Serial Usul Tafsir (bag. 6)

Israiliyat (Riwayat Bani Israil).
Israiliyat adalah berita yang diambil oleh para ahli tafsir dari Bani Israil. Yang dimaksud dengan tafsir Alquran dengan Israiliyat adalah memanfaatkan riwayat Bani Israil dalam menjelaskan sebagian makna yang terkandung dalam kisah-kisah Alquran, atau yang berkaitan dengannya.

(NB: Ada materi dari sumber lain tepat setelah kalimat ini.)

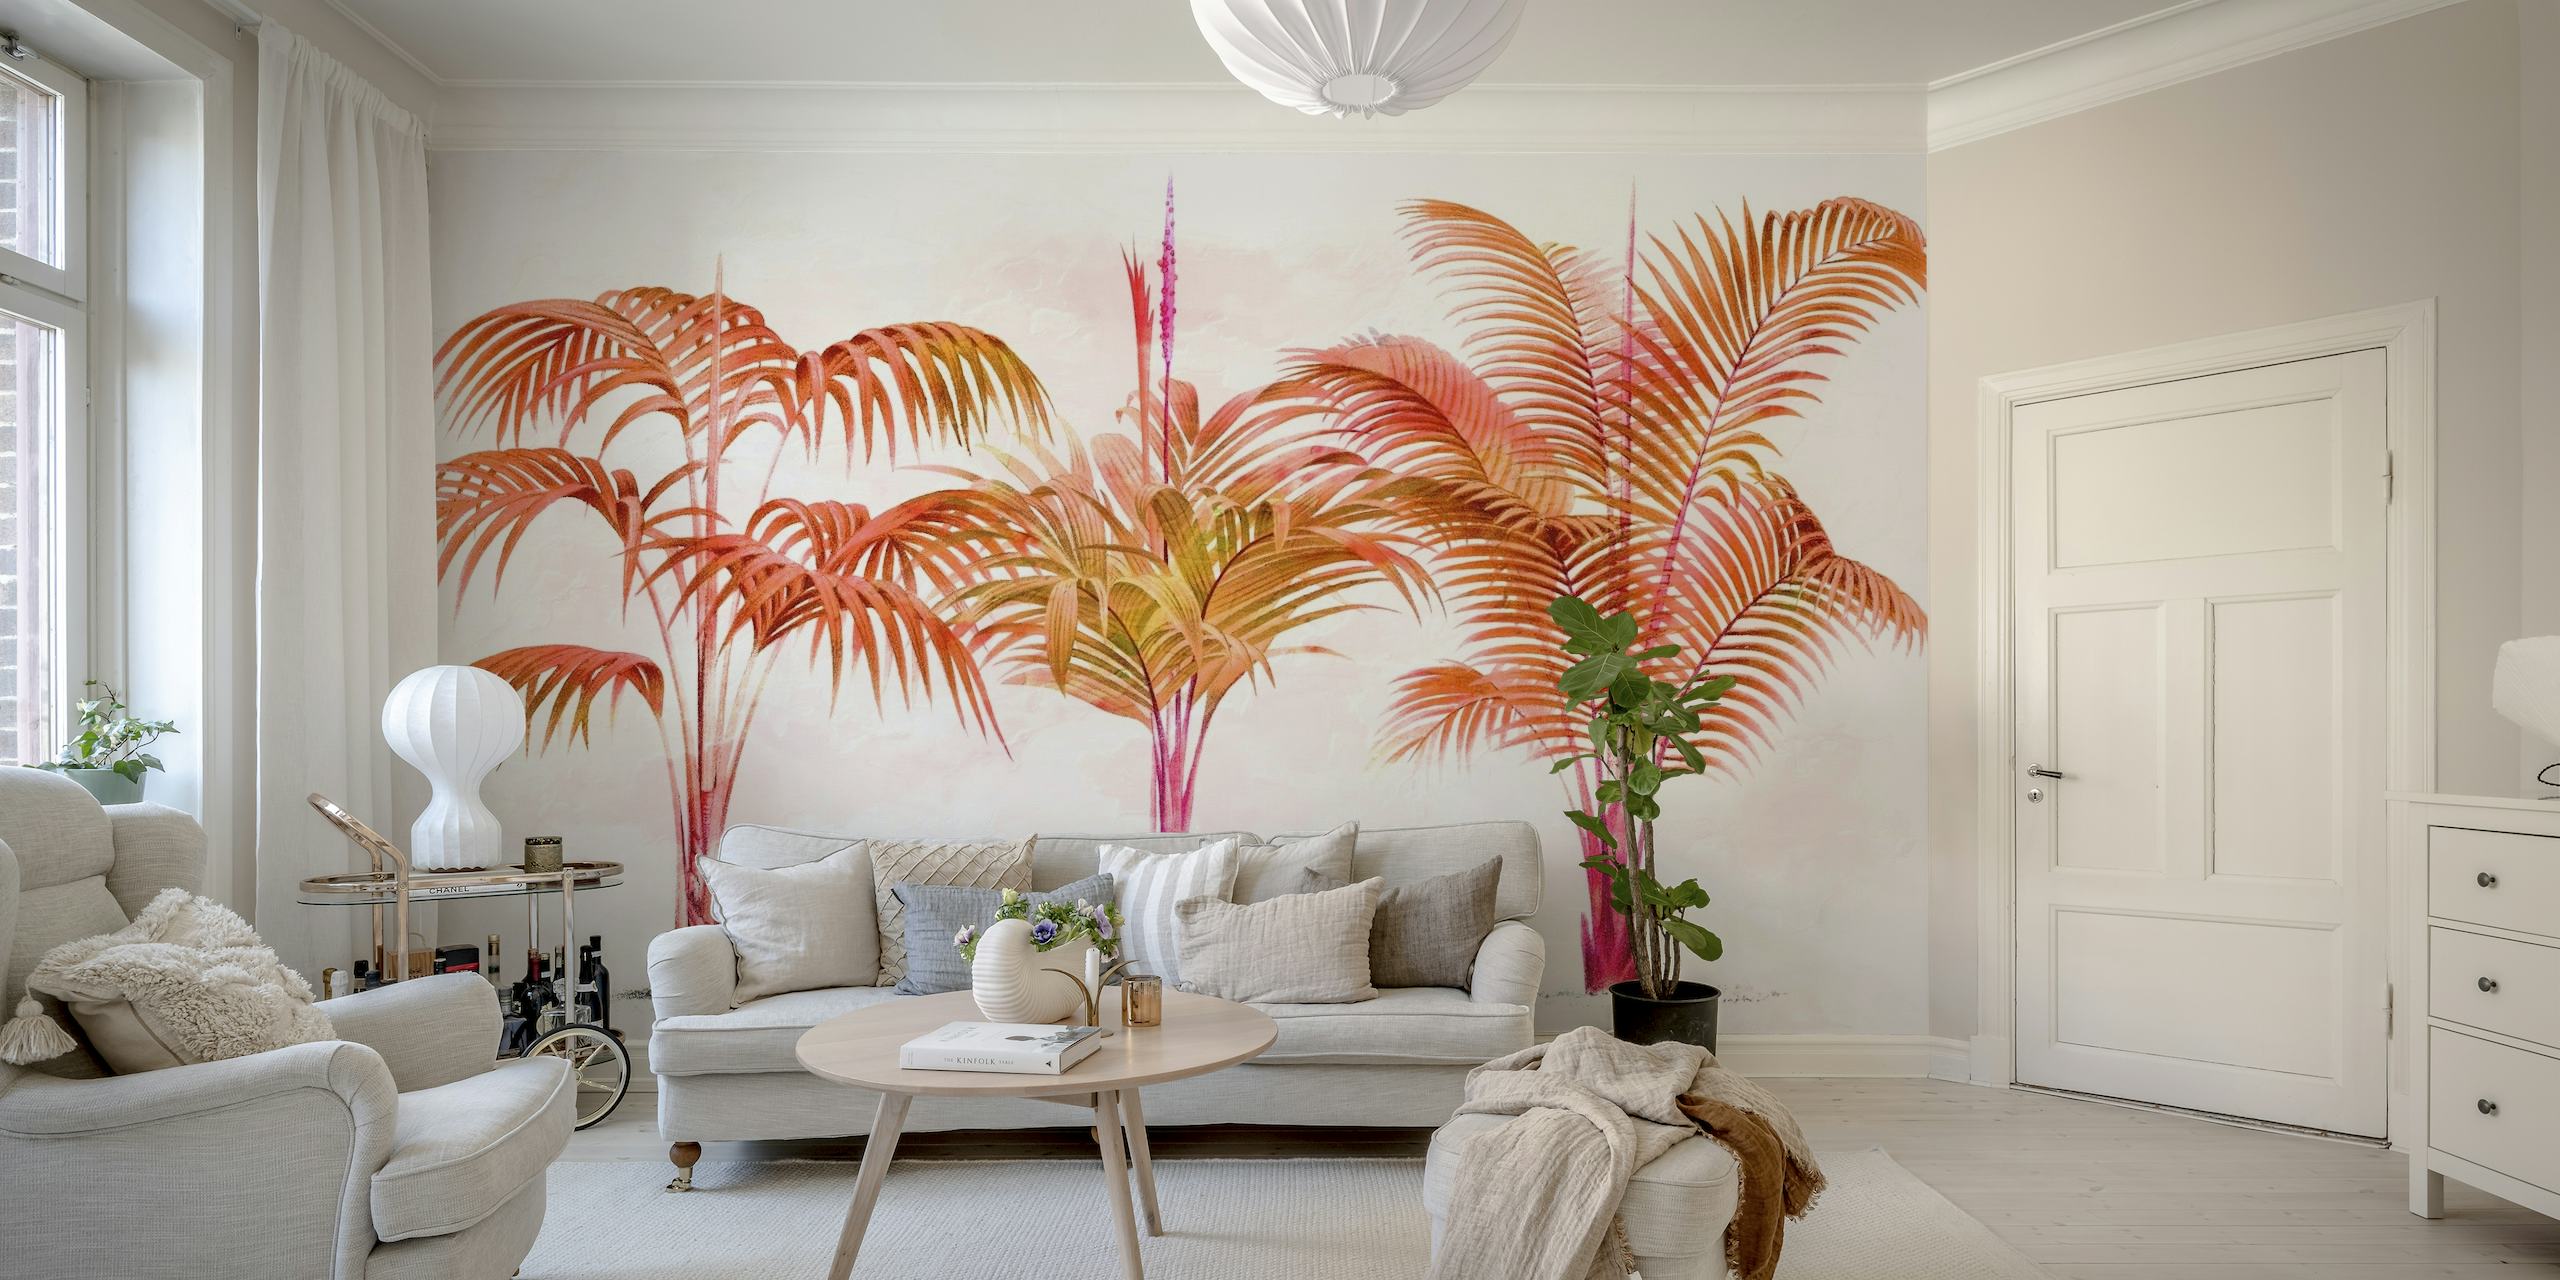 Soothing palm tree wall mural in warm tones.

Sebelum menentukan alasan mengapa Israiliyat bisa dijadikan sebagai sumber tafsir, kami sebutkan lima perkara berikut:
Pertama: Para ulama masa kini tidak boleh menciptakan sumber-sumber baru yang tidak ada asalanya dari para ulama terdahulu dalam memahami Alquran.
Kedua: Sebagian kisah Bani Israil sifatnya ringkas.
Ketiga: Tidak ada cara untuk mengetahui keumuman beberapa ayat kecuali melalui riwayat Bani Israil, baik dari segi nama ataupun peristiwa.
Keempat: Tidak semua riwayat Bani Israil adalah berita bohong atau keliru, meskipun hal itu banyak.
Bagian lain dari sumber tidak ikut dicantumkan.